### COLLECTED DATA

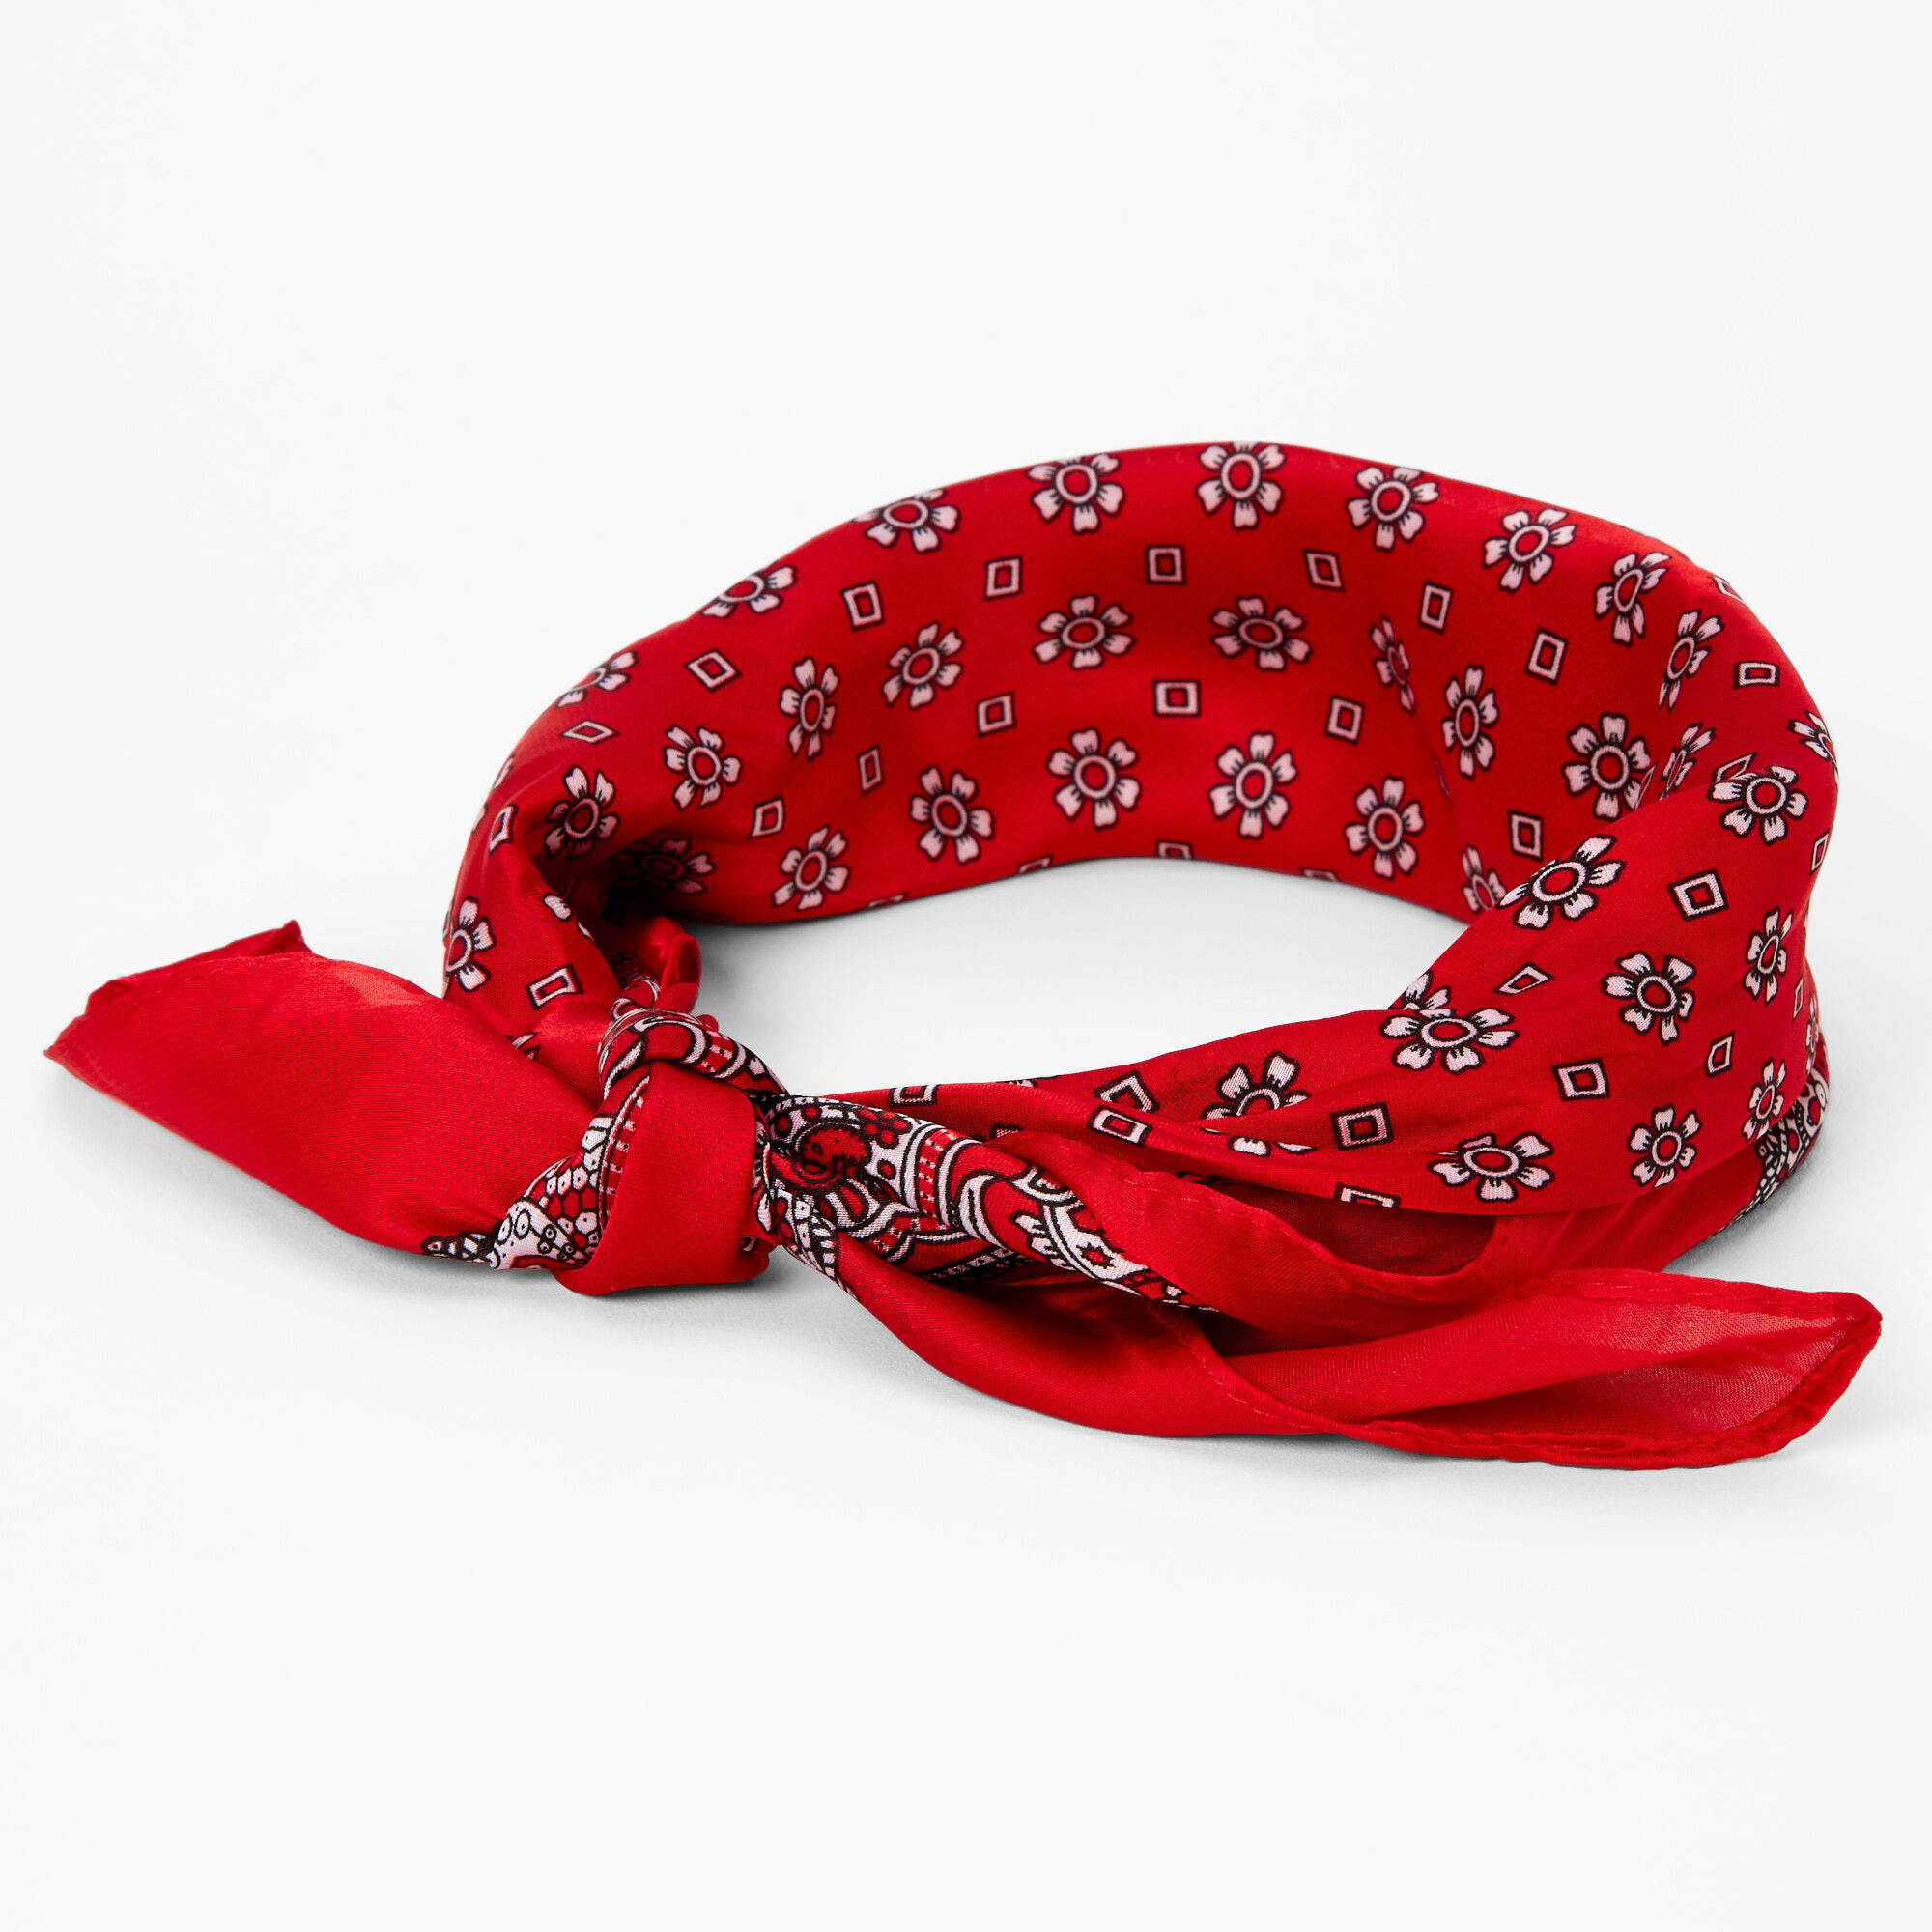 View Claires Floral Paisley Silky Bandana Headwrap Red information
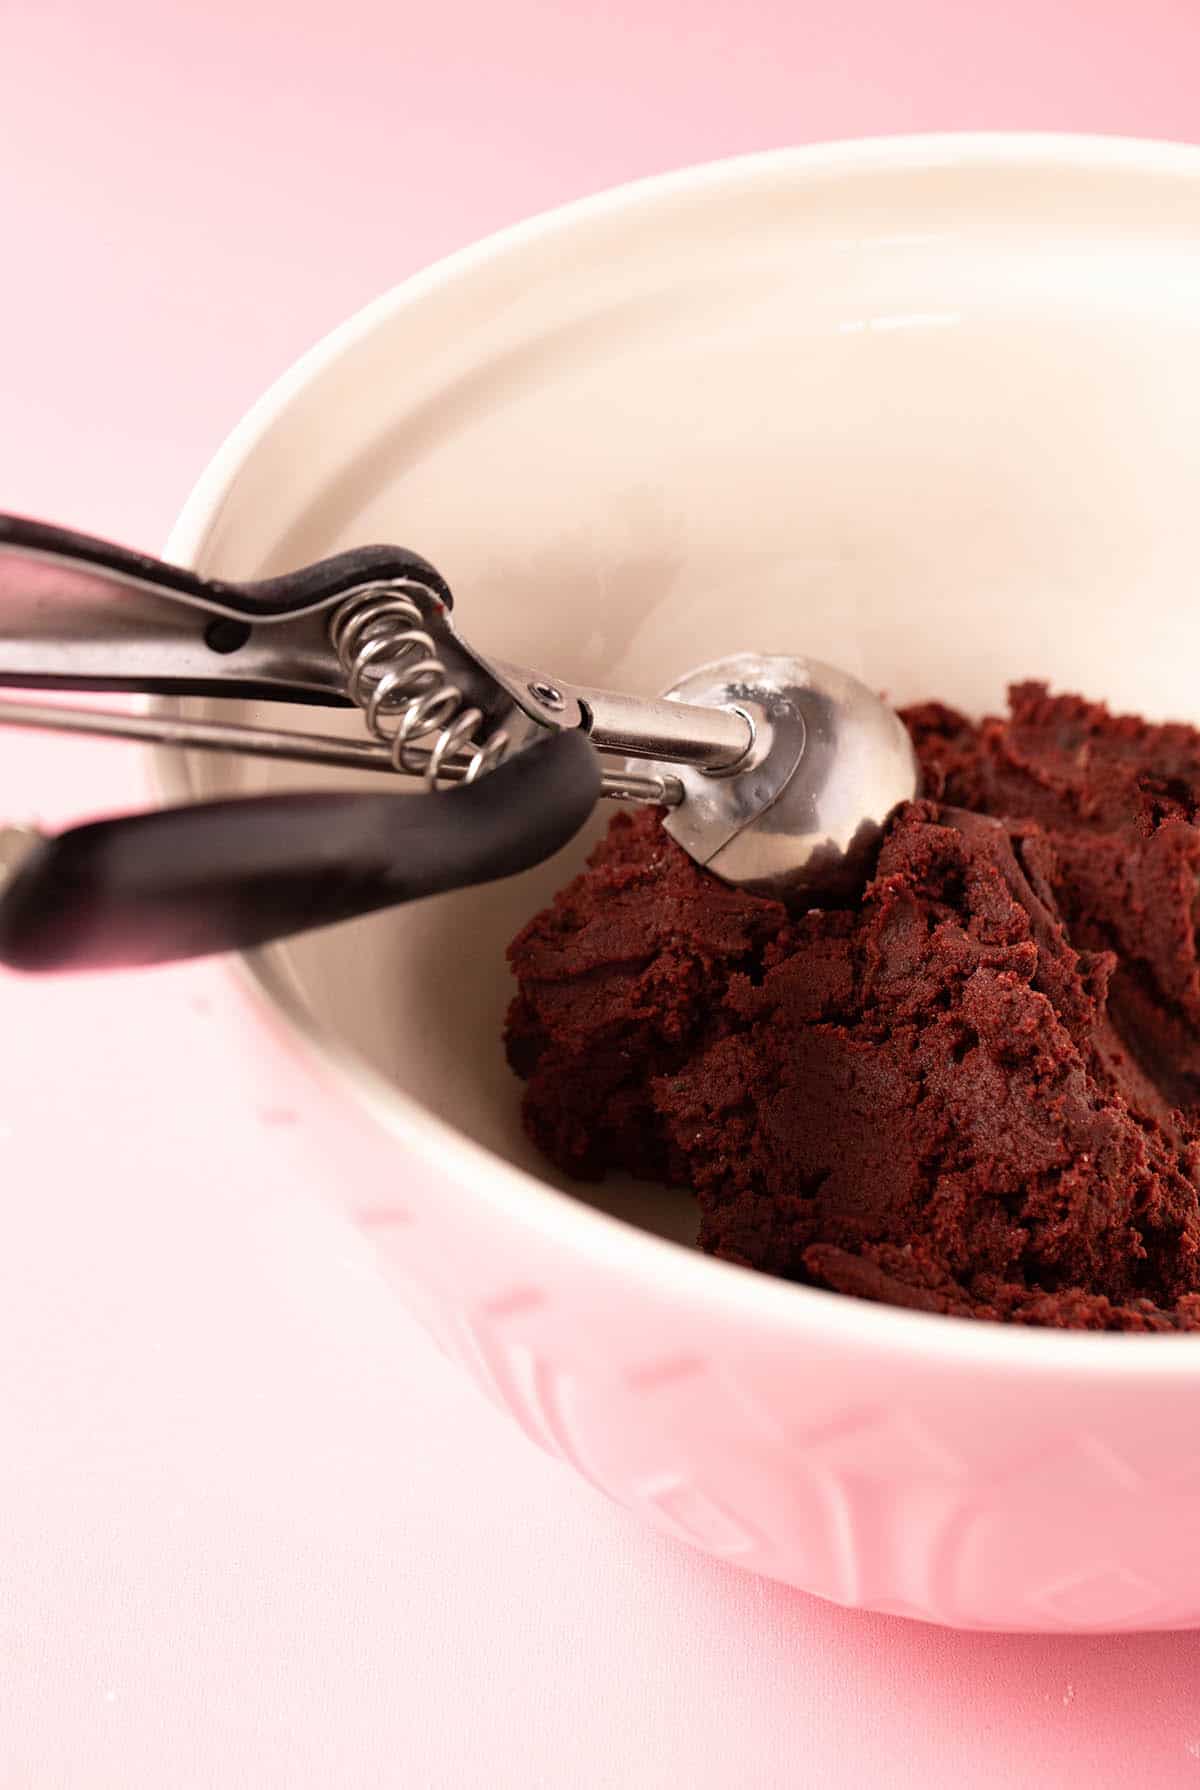 Red velvet cookie dough in a pink bowl with a standard cookie scoop.
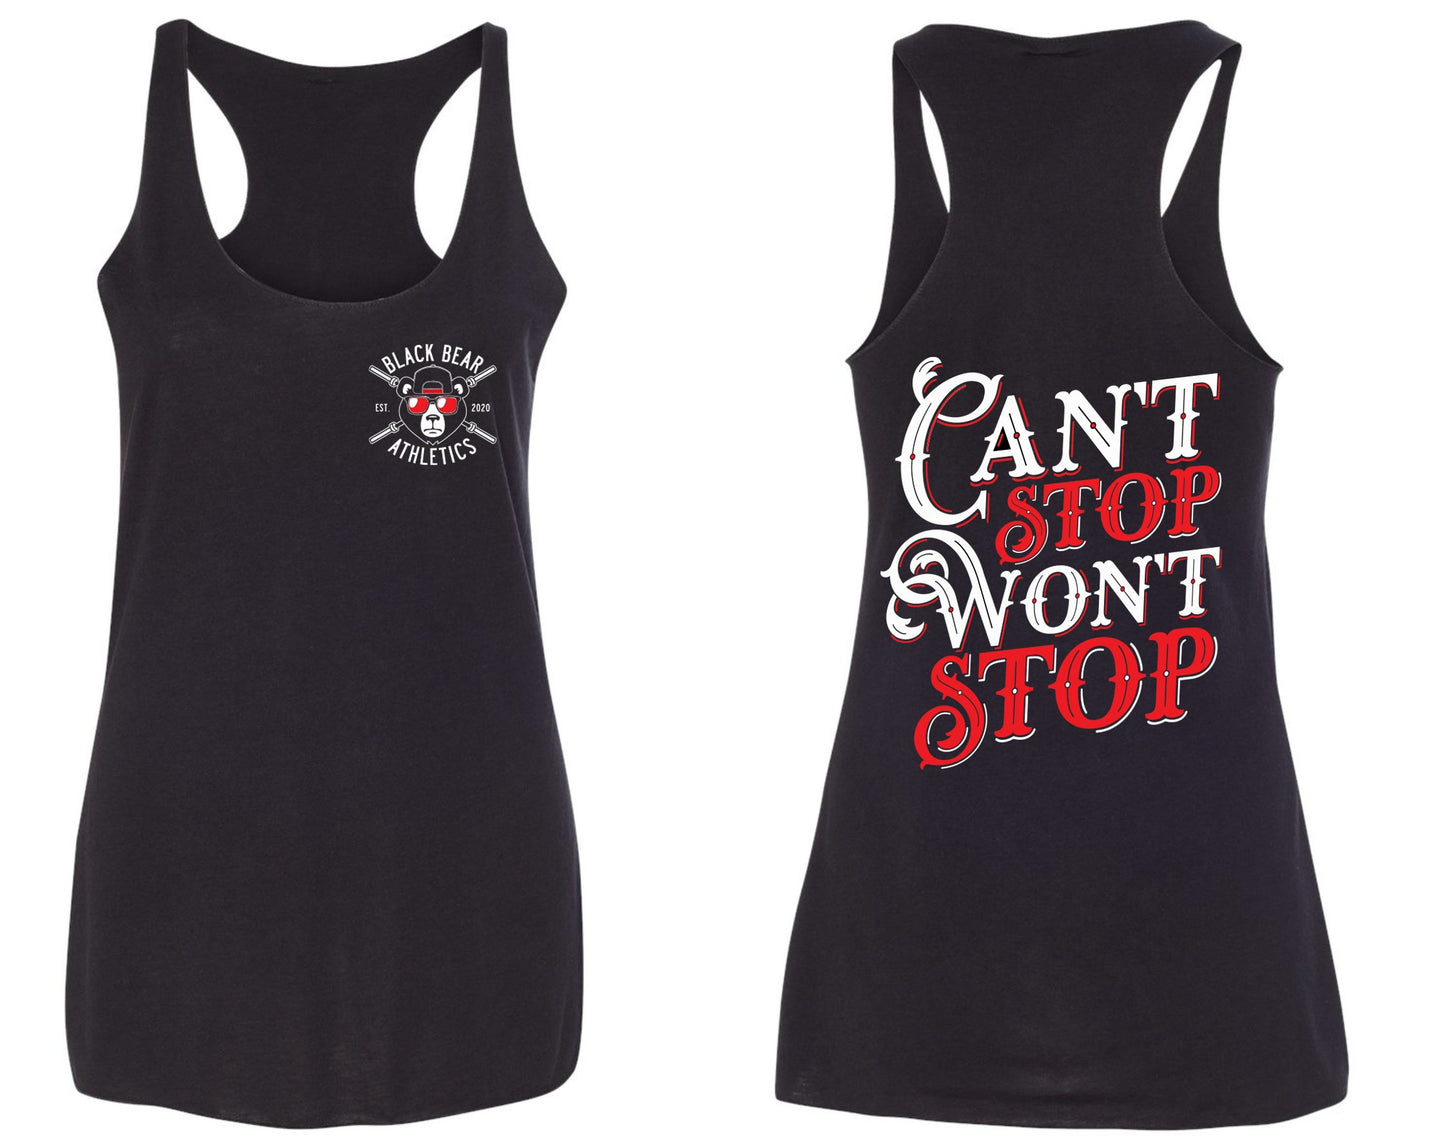 Can't Stop Won't Stop Black Bear Barbell Ladies Tank 8430
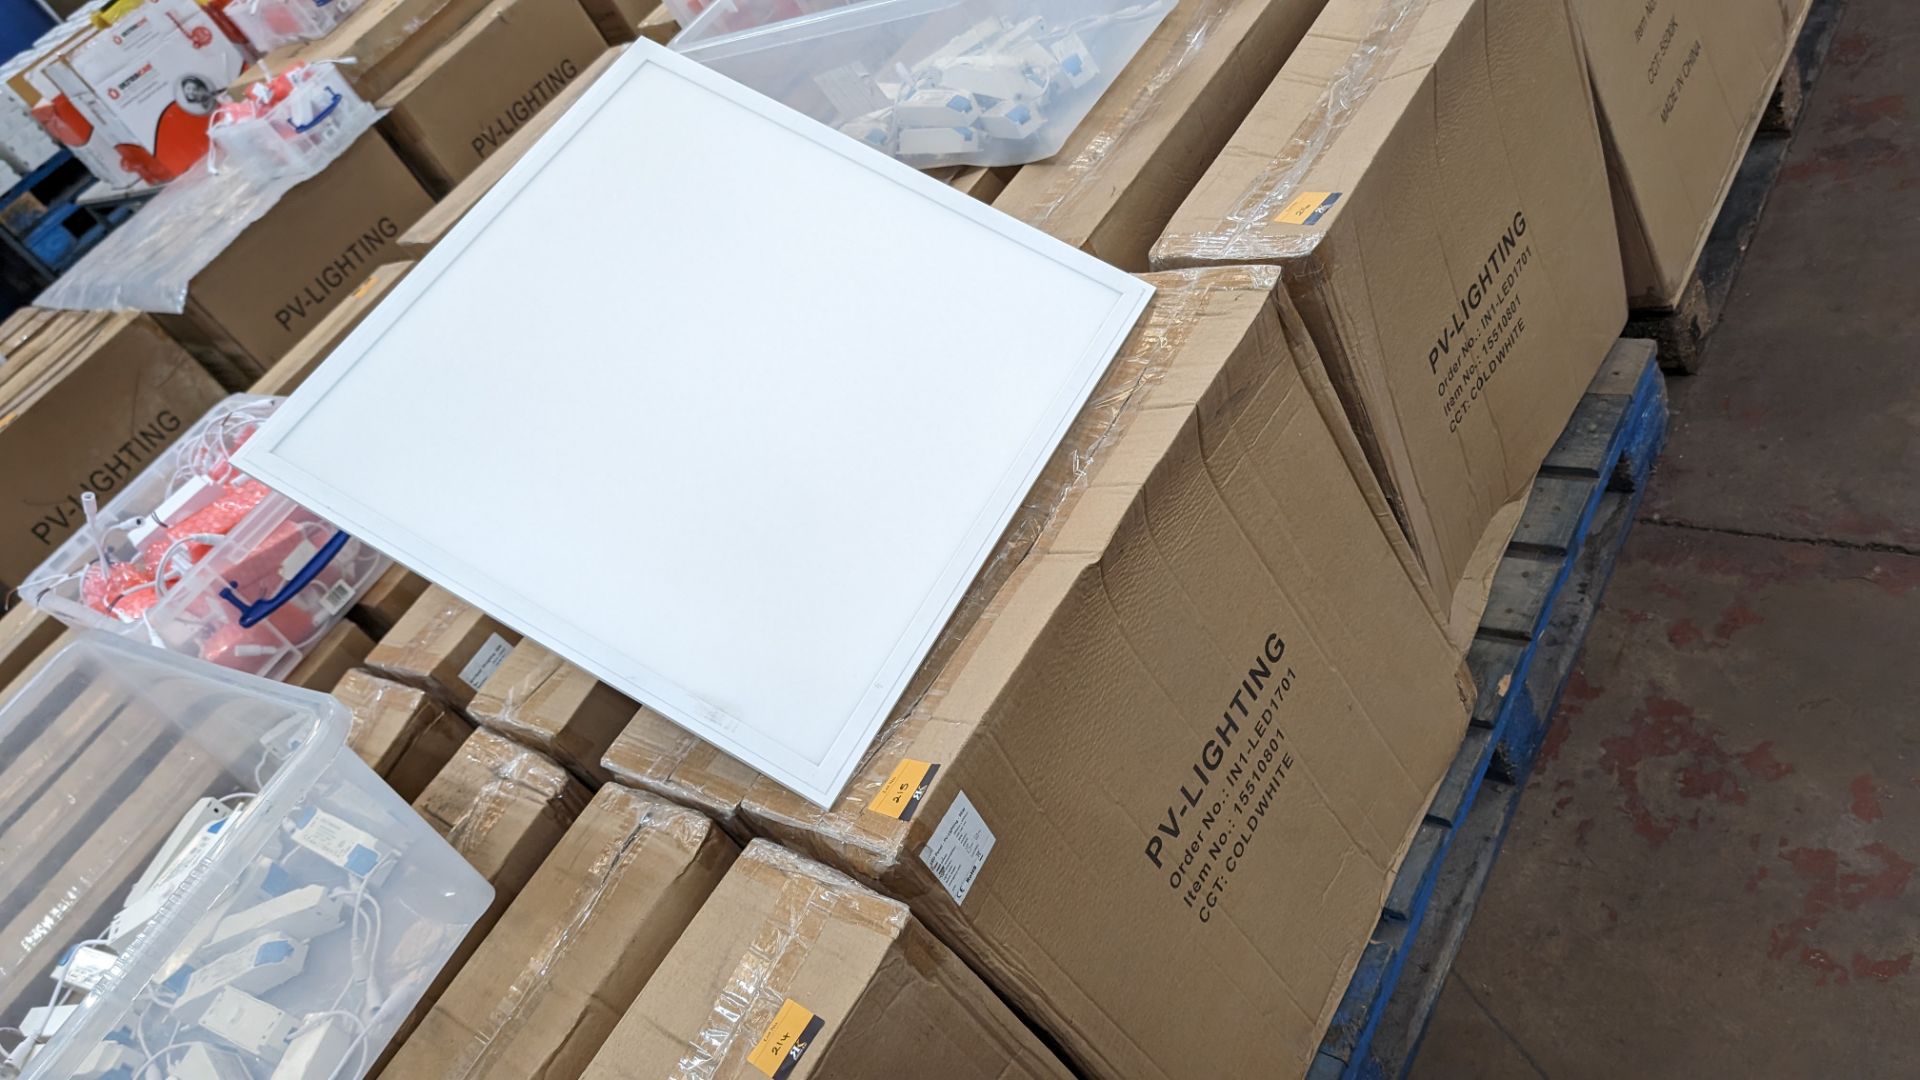 16 off 600mm x 600mm 36w 6000k 4320 lumens cold white LED lighting panels. 36w drivers. This lot c - Image 2 of 16

### WHAT THE EXERCISE ASKS
Begin with the line that contains "Can't Stop Won't" and repeat every line through the end of the data, exactly and only those lines, leaving out the pictures.

### ANSWER TO THE EXERCISE
 Can't Stop Won't Stop Black Bear Barbell Ladies Tank 8430
 16 off 600mm x 600mm 36w 6000k 4320 lumens cold white LED lighting panels. 36w drivers. This lot c - Image 2 of 16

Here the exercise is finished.